How to Build a Parallel Computing Cluster


In this howto, we are going to describe the procedure of building a diskless parallel computing cluster for computational physics. First of all, we will give a brief overview of Linux Operating system. Based on this knowledge, we hope readers will have a better understanding of the whole setup procedure. This howto is divided into the following section.
  1. Introduction.
  2. Overview of Linux Operating system.
  3. The detail procedure for building the whole cluster.
  4. Reference

Introduction

Computer simulation is a powerful tool for the study of complex systems. Due to its mighty computational power and realistic animation capability, the traditional trial-and-error investigation process can be speeded up by changing the parameters through the interactive interface and the understanding of the simulated result can be comprehended by computer graphic or animation. The simulation also provides an oppotunity for investigators to look at some processes which are not easy to be observed or too expensive to be really carried out.

To solve a complex problem correctly and efficiently, there are several concerns in computational physics. One of these concerns is how to speed up the simulation process. One solution for speeding up is to use or buy expensive parallel supercomputer. For most research groups, this is not practical. Thanks to the advanced technology of current PC, we can build up parallel computing cluster entirely from commodity parts both in hardware and software within an affordable budget.

The original PC cluster project, also called Beowulf project, was started at the Center of Excellence in Space Data and Information Sciences NASA in early 1994. It is a system which usually consists of one master or server node, and one or more client nodes connected together via Ethernet. The master node controls the whole cluster and serves files to the client nodes. The master node is also the cluster's console and gateway to the outside Internet world.

The advantages of a Beowulf-like cluster are:

In last summer, we built a Beowulf-like parallel computing cluster for testing this idea. The cluster includes one master node, one NFS and NFS-root server node, and several diskless client nodes. All of these nodes are connected to switch hups by ethernet to achieve the parallel computing capability. The cluster hardware configuration is shown in Figure 1. . The detail specification of the cluster is listed in the following:

Hardware Configuration

Software Configuration

In this article, we like to share our experience of how to build the cluster with others. It is difficult to give a precise step-by-step procedure for readers to follow. The reason is very simple, the Linux OS evolve so quickly. Today's setup might become obsolete tommorrow. Instead of giving a detail description, we like to give a general guile line, basic principle and where to look for additional information on internet. Our experience strongly suggests that for successfully building up your own cluster, some knowledge about the Linux OS is necessary. Only with these knowlegde, when something goes wrong, you will have enough confident to try to solve it. After all, the majority of the reader of this article are physicists and physicists don't like doing thing blindly.

Linux Operating System

The challenge of buind a diskless-client PC cluster is mainly on how to boot kernel and how to mount the root file system from a remote server. Since client node doesn't have a hard disk to host its kernel and file system, so they must be provided by other sever through the connection of network.

The server node needs a full installation of RedHat Linux OS.

The server must prepare a simplified kernel image for client nodes to down load.

The server must prepare a mimimum root file system for client nodes to mount.

The client node must have a network boot disk to boot from its floppy driver then ask for the kernel image from network.

The client node found a kernel image from the server, down load it, uncompress it, and execute it.

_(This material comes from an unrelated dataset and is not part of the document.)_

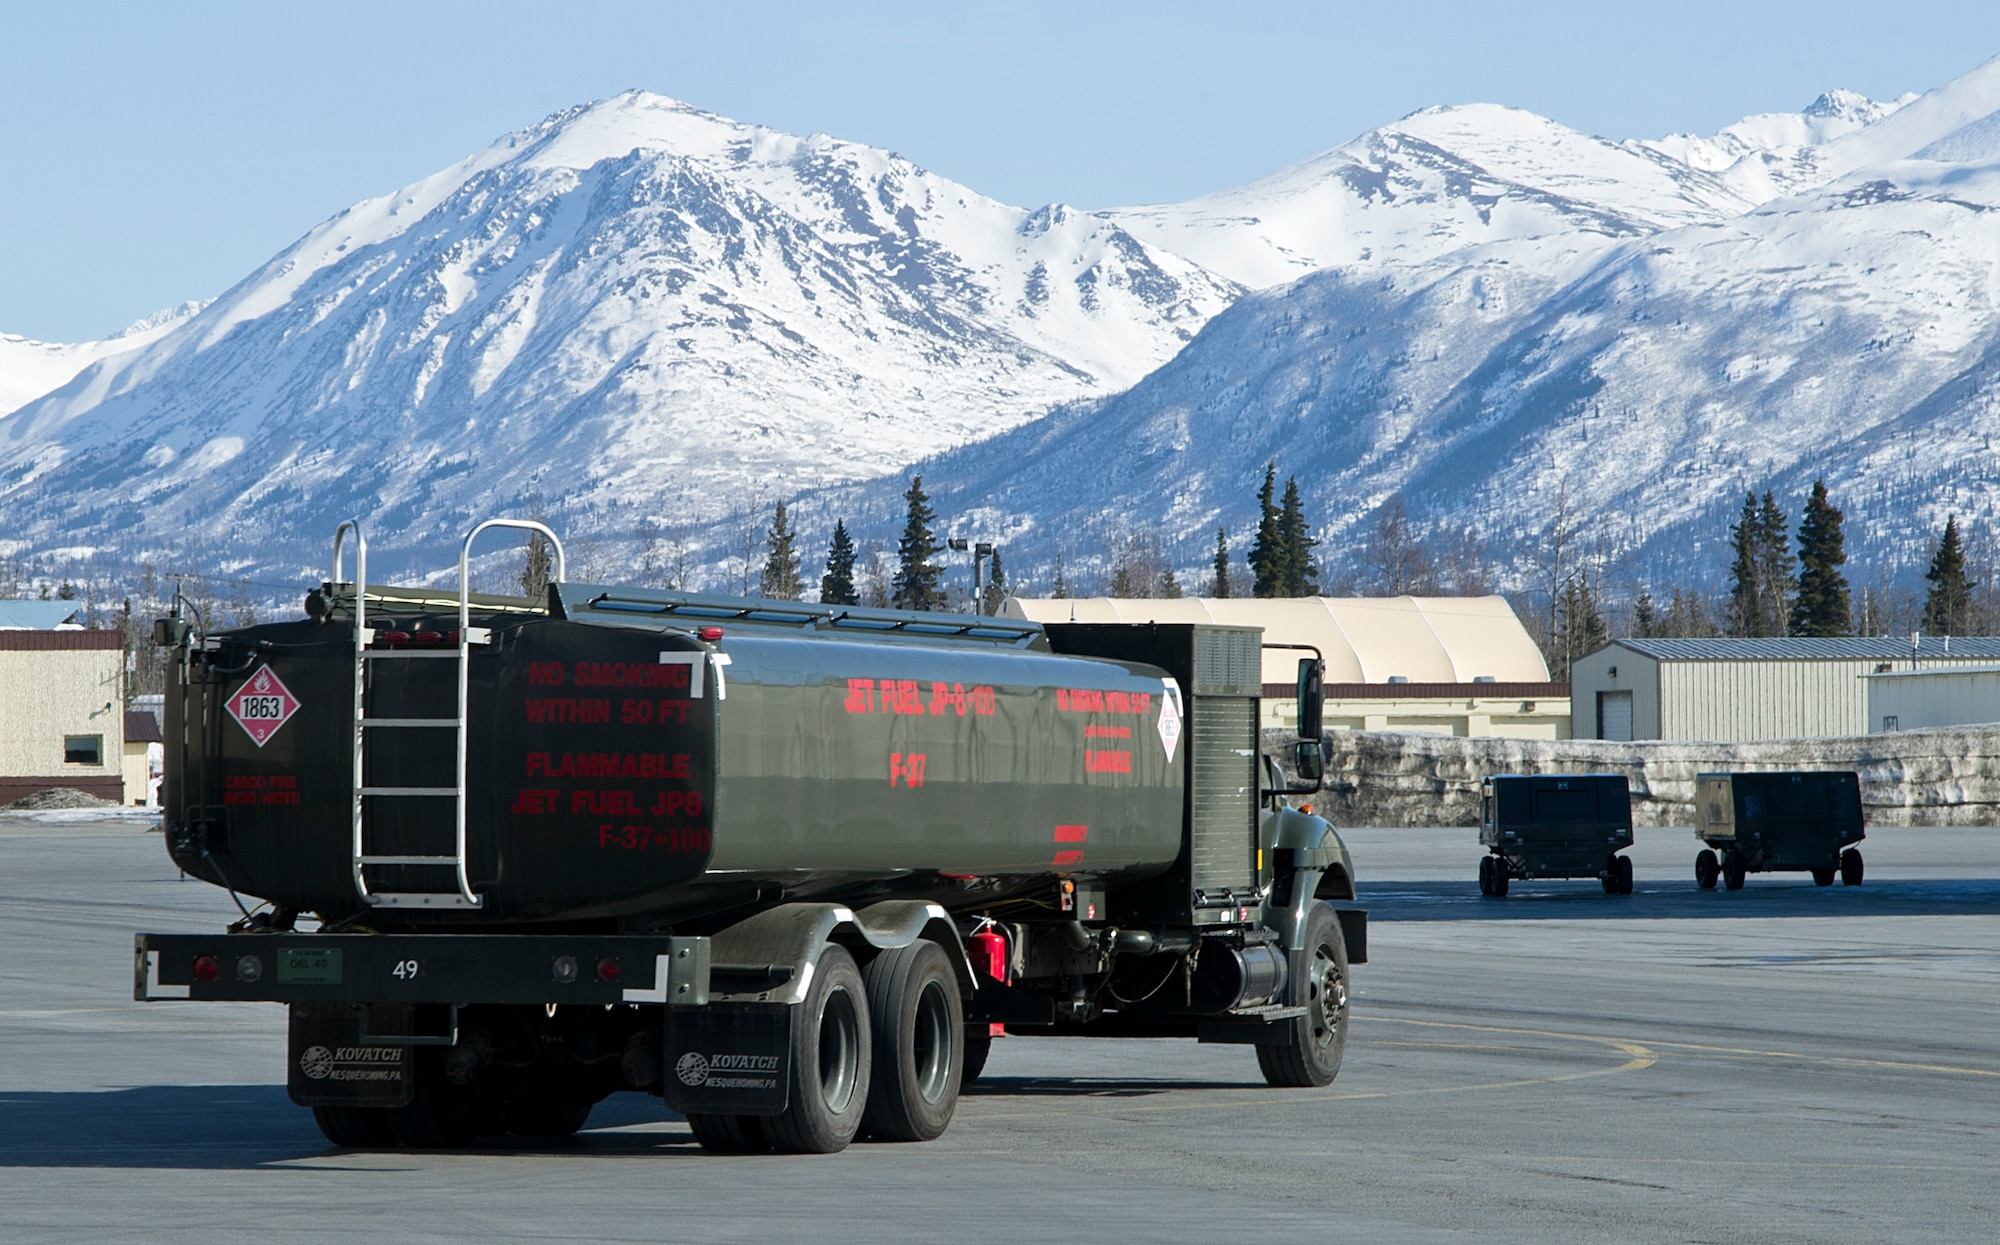 A R-11 fuel truck drives away after refueling an F-22 Raptor fighter on Joint Base Elmendorf-Richardson April 3, 2012. The R-11 fuel trucks can hold up to 6,000 gallons of fuel. (U.S. Air Force photo/Staff Sgt. Zachary Wolf)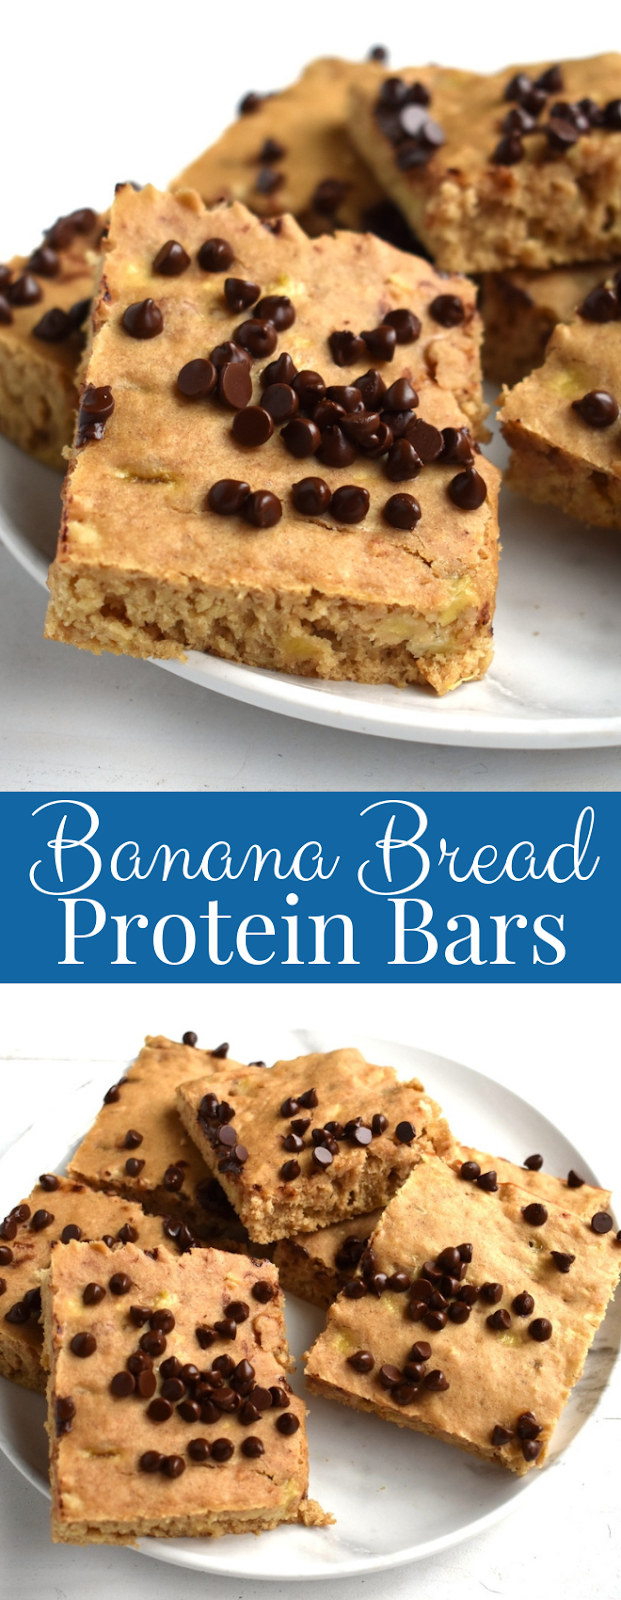  Banana Bread Protein Bars have everything you love about banana bread but in bar form! They are whole-wheat, high in protein and fiber and make the perfect snack! #protein #cleaneating #healthy #snack #bananas #bananabread

The kernel image for client than will mount its root file system as a NFS-root file system. Based on the above analysis, we need to know

What is Linux Kernel?

The purpose of Linux Kernel is to insulate the hardware complexity from users. It provides a set of system function calls for user to avoid dealing with the hardware details. For example, if users want to access a file from hard disk, just simply issue a read system call to kernel and kernel will handle the detail such as moving disk R/W arm to the correct (track, sector) position of hard disk and return the contents of file to the users. From this aspect, you can see it would be a nightmare if you are dealing with a computer system without a kernel.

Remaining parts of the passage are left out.